More ideas for finding primary sources at SLC:

  • A search in WorldCat for petroleum industry hearings brings up many results for books available here in SLC. You can add more search terms to look for hearings or legislation tied to a specific event.
  • Also in WorldCat, look for biographies that include first hand interviews, letters or other primary source material.
  • The New York Times is available on microfilm from 1851 to the present. To find articles on your topic, use either the print indexes in SLC or the NYT Search online, limiting your search to Specific Dates. For example, a search for Teapot Dome from 1922 through 1929 yields articles written about the scandal as it unfolded. Note: some articles are available free online. 
  • Use the Reader's Guide to Periodical Literature found in the Research Commons to identify magazine articles contemporaneous to the time period of significant historical incidents. Older issues of magazines (periodicals) can be found in Bound Periodicals or on microfilm.
  • Historical Statistics of the United States is a 5 volume set in the Research Commons (317.3 H629) with tables of highly detailed statistical information from colonial times to the late 1990s.
  • Print copies of the Statistical Abstract of the United States for most years from 1937 through 2014, can be found on the second floor at 317.3 Un3s. It is also available online , although not particularly easy to use.
  • The Congressional Record, which contains the proceedings and debates of Congress, is available on microfilm from 1789 to 1992.
  • Explore back runs of magazines found in Bound Periodicals like Life to study historical patterns of advertising, lifestyle issues, etc.

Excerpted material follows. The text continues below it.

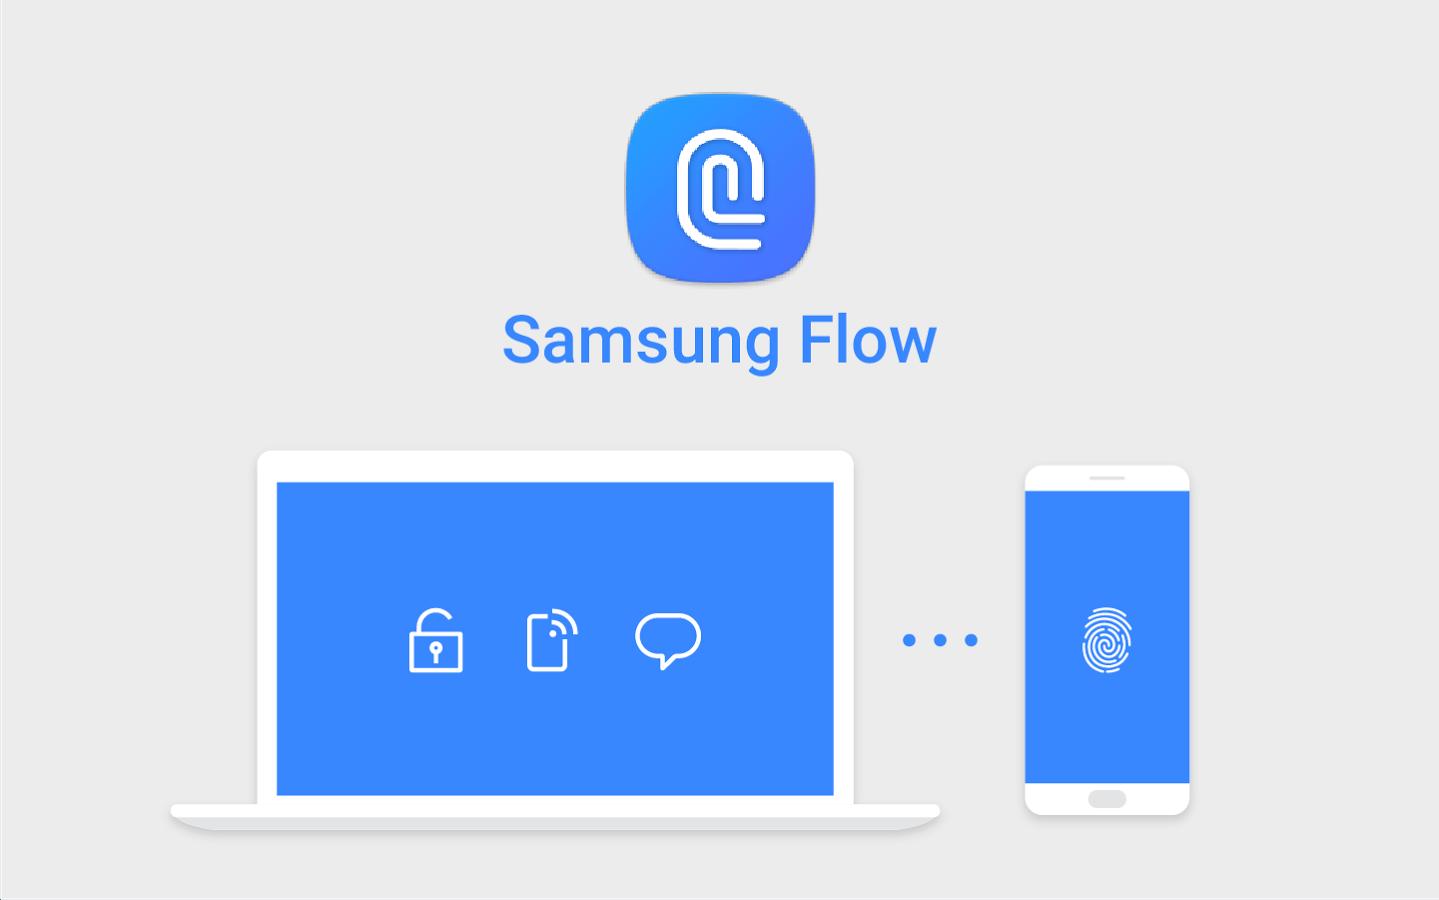 Déverrouillez Windows 10 avec le capteur d'empreintes de votre téléphone Samsung

Primary sources on the web

The Portal to Texas History is a gateway to rare, historical, and primary source materials from or about Texas.

DPLA Digital Public Library of America provides access to more than 15,000,000 items from libraries, archives, and museums across the country.

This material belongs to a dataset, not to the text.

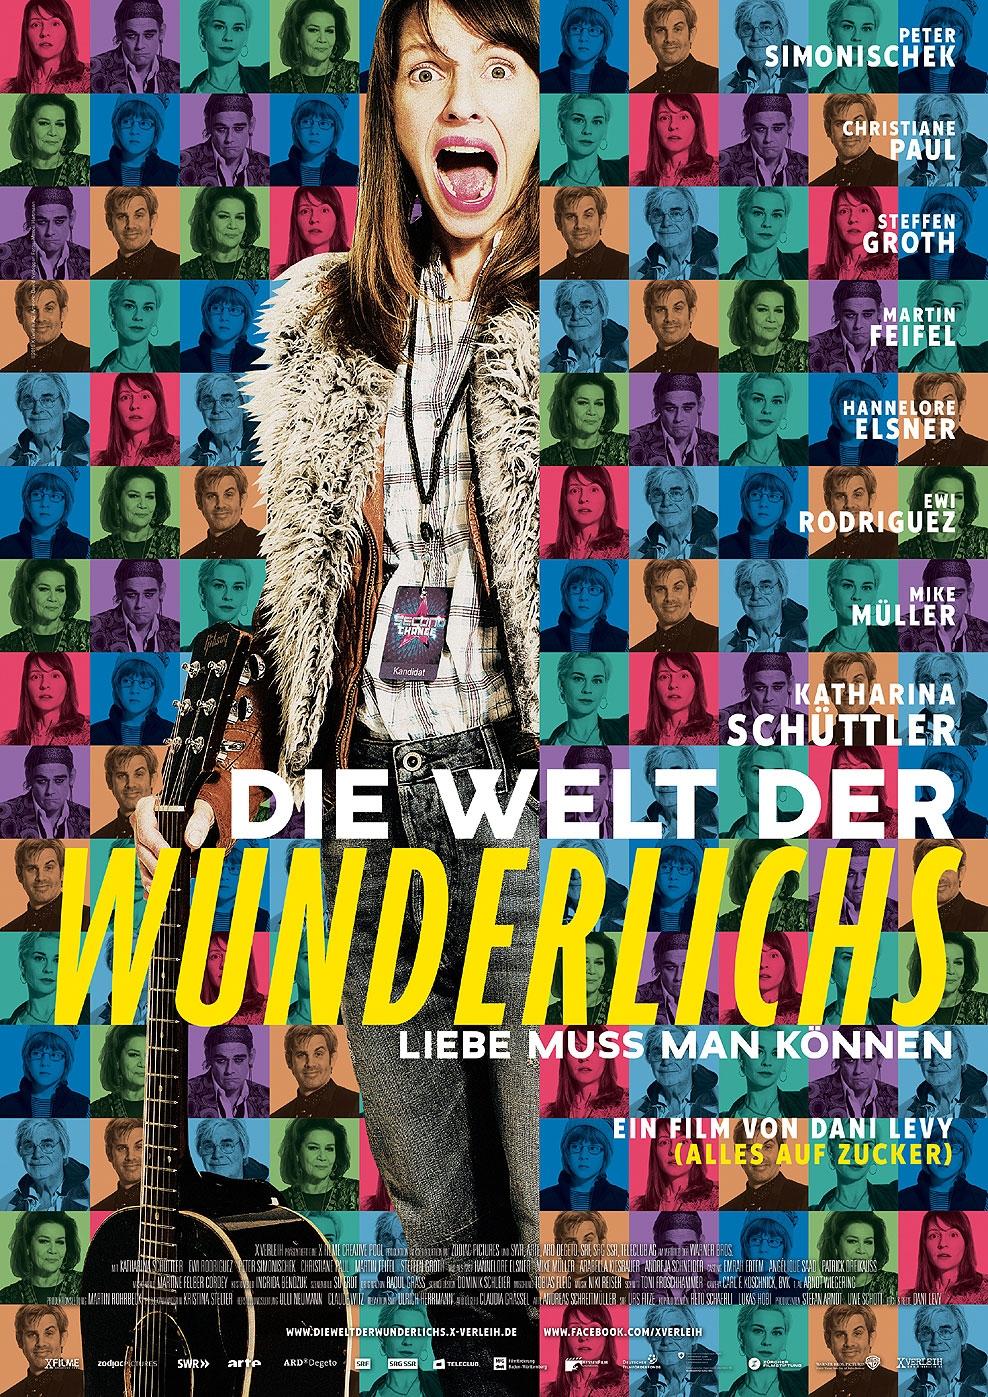 Die Welt der Wunderlichs (Poster)

Google Books allows you to find books and magazine articles. To search specifically for full-text articles use this Advanced Book Searchlink and select Full view only and Magazines.

Chronicling America from the Library of Congress allows you to search America's historic newspaper pages from 1789-1924.

Prelinger Archives contains approximately 11,000 digitized and videotape titles (all originally derived from film) and a large collection of home movies, amateur and industrial films. 

HathiTrust Digital Library offers a collection of millions of titles digitized from libraries around the world.

American Oil and Gas Historical Society website.

National Petroleum Council website provides reports going back to 1946 relating to oil and natural gas or to the oil and gas industries.  

Types of sources

Primary sources are generally created by a participant in, or direct observer of, an event. They are usually first-person sources, and they reflect the observer’s or participant’s point of view. Examples are photographs, books or articles published during a time under study, recorded or transcribed interviews, government documents, films, letters, diaries, works of art, and published reports of experiments conducted by scientists or social scientists. Primary sources do not have to be used in their original form, however. They may be reproduced electronically, printed or published later and still be considered primary sources.

Secondary sources include interpretation or analysis of events by an author who was not present. This is often done by studying primary sources. Secondary sources are a step removed from an event or work of art or time period. Examples include books and articles, documentary films, reference books, and textbooks, and these may be printed, on microfilm, on DVD, or digital.

In different fields, typical examples of primary and secondary sources can vary, but in history a primary source might be a handwritten letter held by a library’s special collections department or the text of the same letter printed in its entirety in a published book. Or it could be a contemporary newspaper article reporting on an event. A secondary source could be an article or book that uses that letter or newspaper article as a source through which something about the life of a person or an event can be interpreted or drawn.

Both primary and secondary sources are important, and either or both types may be appropriate for historical research.